My pain point . I have an Ec2 with Postgres installed(which is in private subnet), everything is working fine. All member can connect to DB only when they are in the DEV cluster (I mean same CIDR, security group is designed to get traffic only from that CIDR). The problem here is I wanted to get connection locally. I cannot alter the security group. Intially I planned to create an public Network load balancer and make the ec2 as target with port 5432 and installed apache2 for health check (200 success as health). But still unable to connect that Ec2 machine.
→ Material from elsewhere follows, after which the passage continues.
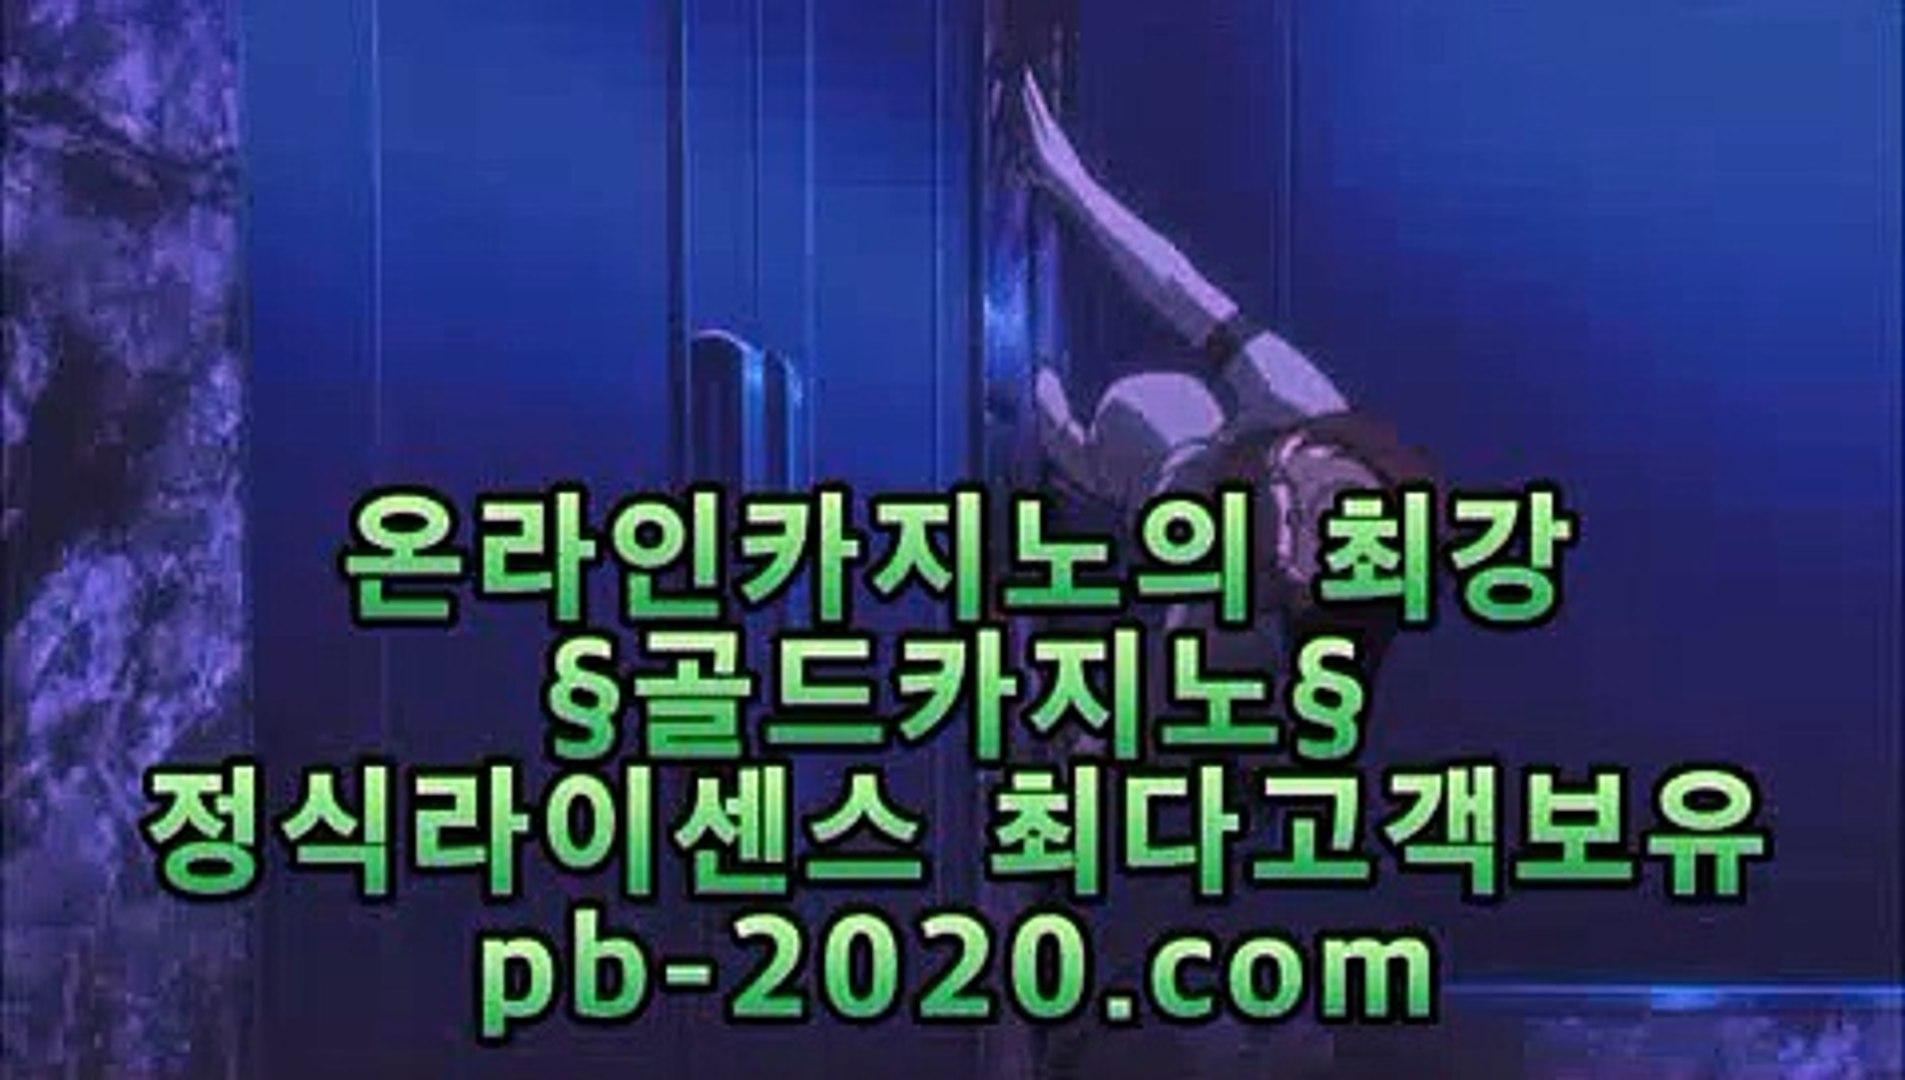 #월화드라마 midas9.com,pb-2020.com #성명준이란 유튜버가 pb-2020.com,midas9.com  #마닐라카지노,#실시간카지노,#라이브베팅 #온라인바카라,#라이

Can anyone advice the best practise.
As per our policy only HTTPS port can be opened
If you are limited to only enabling 443 open then you would need to update your Postgres instance to be served over that port, although the recommended port for both TLS and plain text connections to Postgres is 5432.
For a DB instance you would use a Network Load Balancer, the inbound traffic is determined by the inbound security group rules of the instances.
You should avoid installing apache on your postgres servers to allow load balancer health checks to pass as its not related to the health check of the postgres service. Instead a TCP health check on the port of your Postgres service should be checked.
I would suggest discussing with your peers as to why Postgres must run on port 443, as it is not best practice and could lead to confusion. Normally these kinds of limitations are limited for web traffic, and for other services in the future you might find you're limited with available ports.